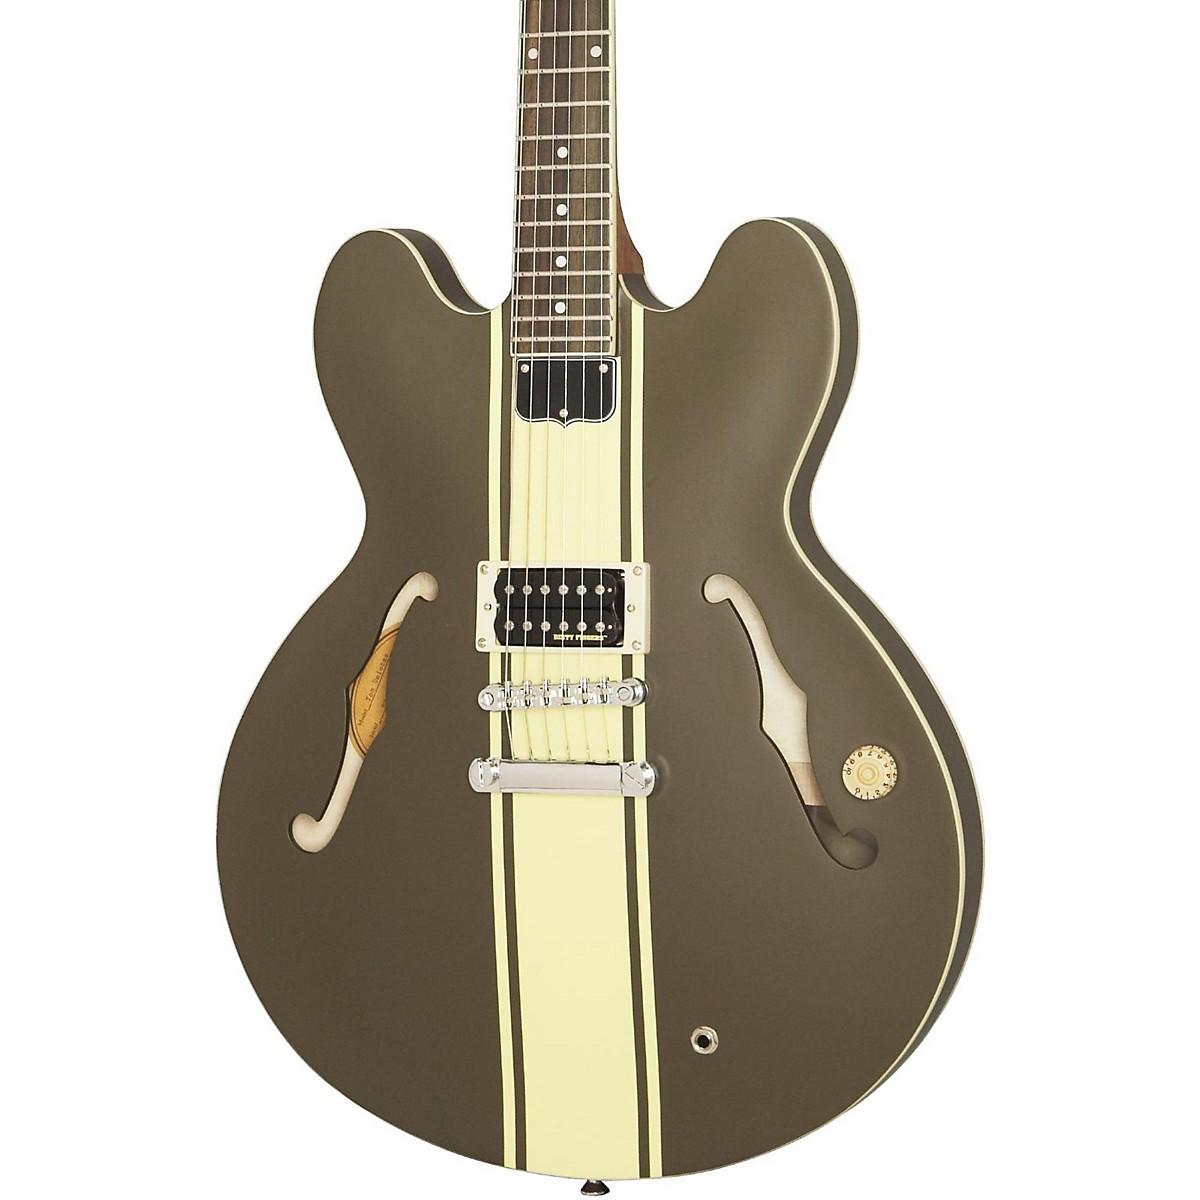 Epiphone Tom Delonge Signature ES-333 Semi-Hollow Electric Guitar
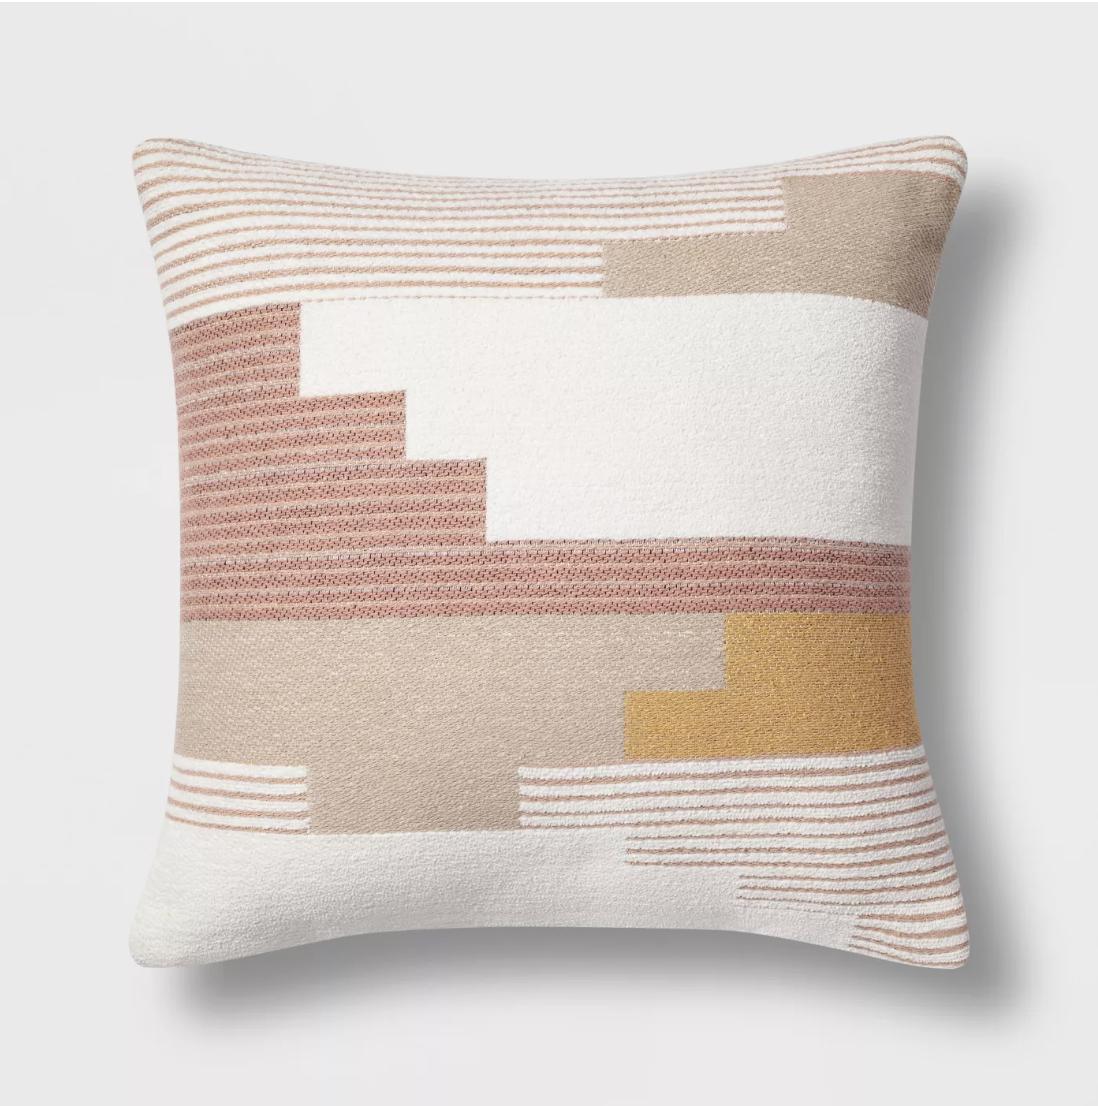 Target Southwest pillow
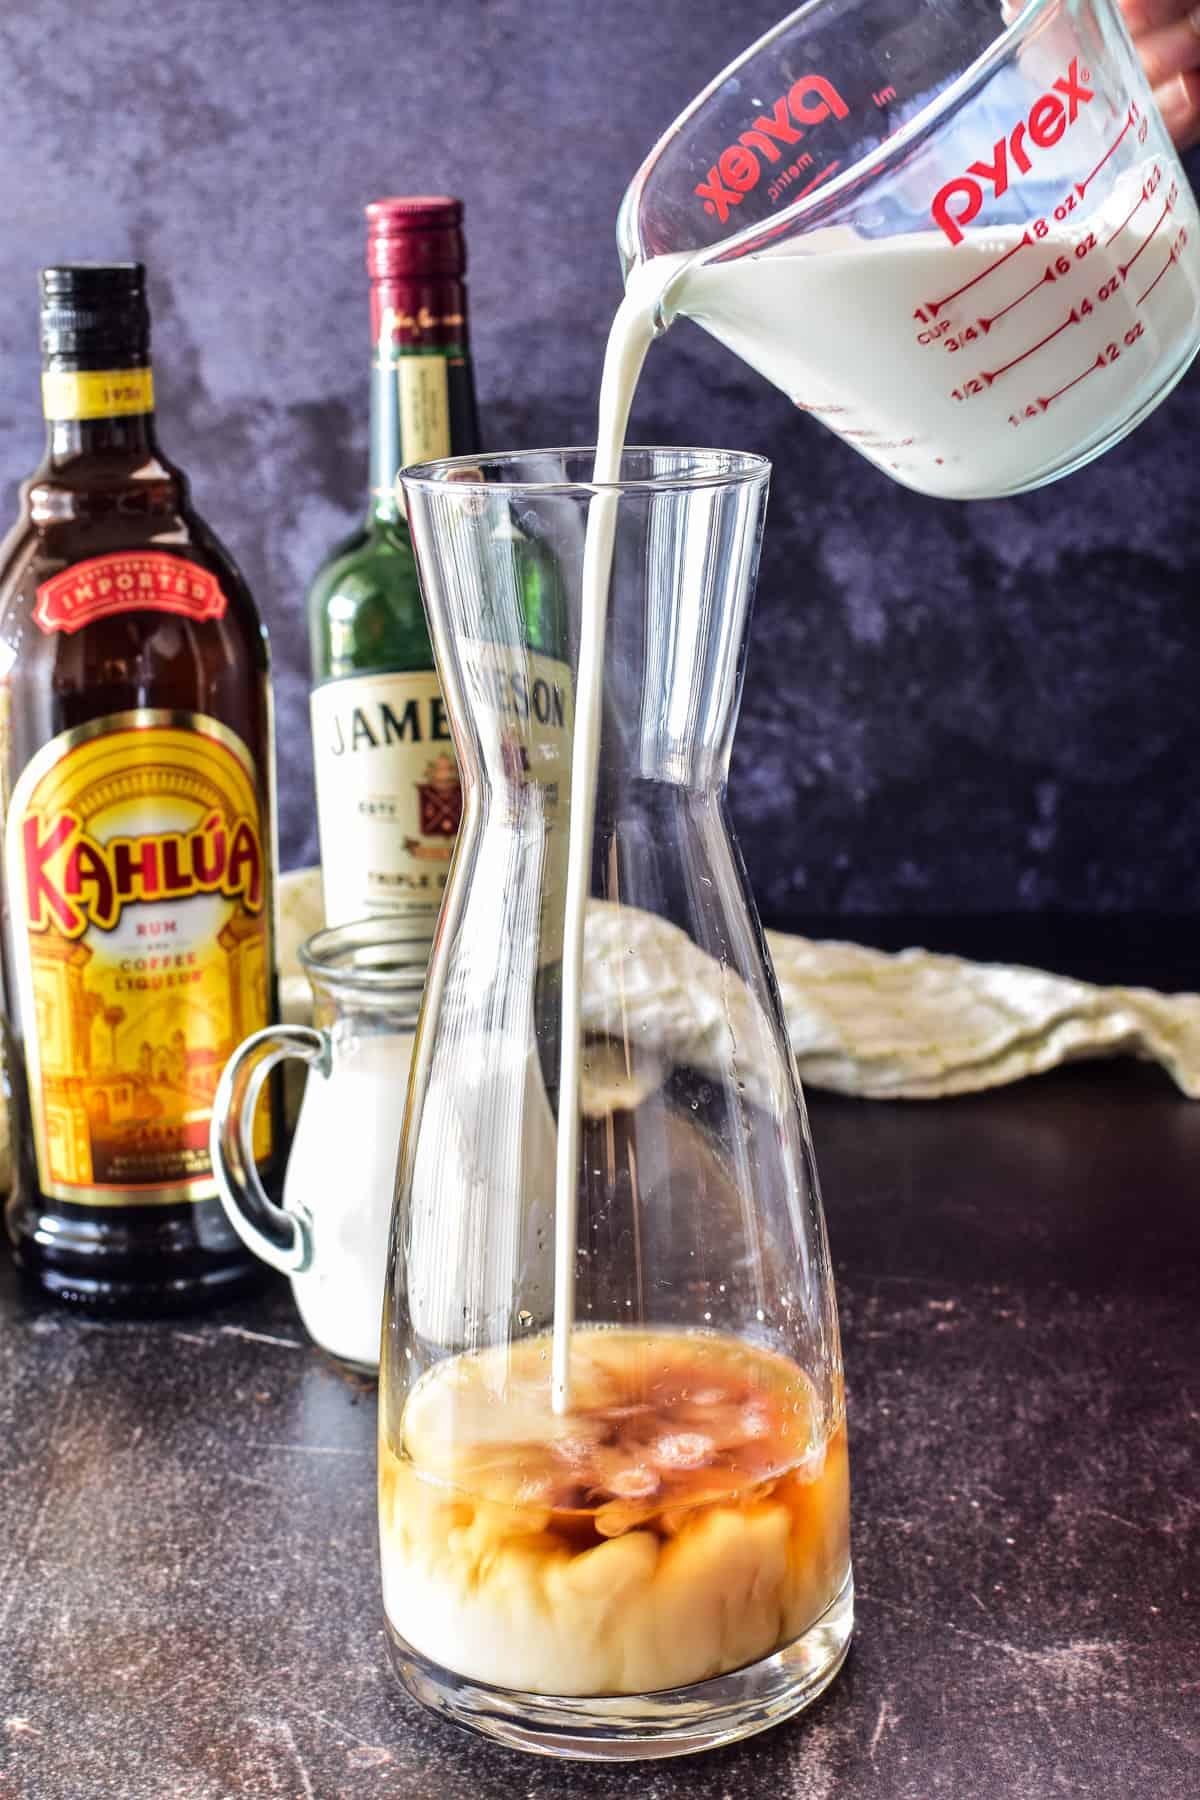 Adding half & half to carafe with whiskey for Irish Cream recipe

..........

> [What you should do] Print the material in full and exactly; the pictures must not be printed.

> [The answer]
 Epiphone Tom Delonge Signature ES-333 Semi-Hollow Electric Guitar
 Target Southwest pillow
 Adding half & half to carafe with whiskey for Irish Cream recipe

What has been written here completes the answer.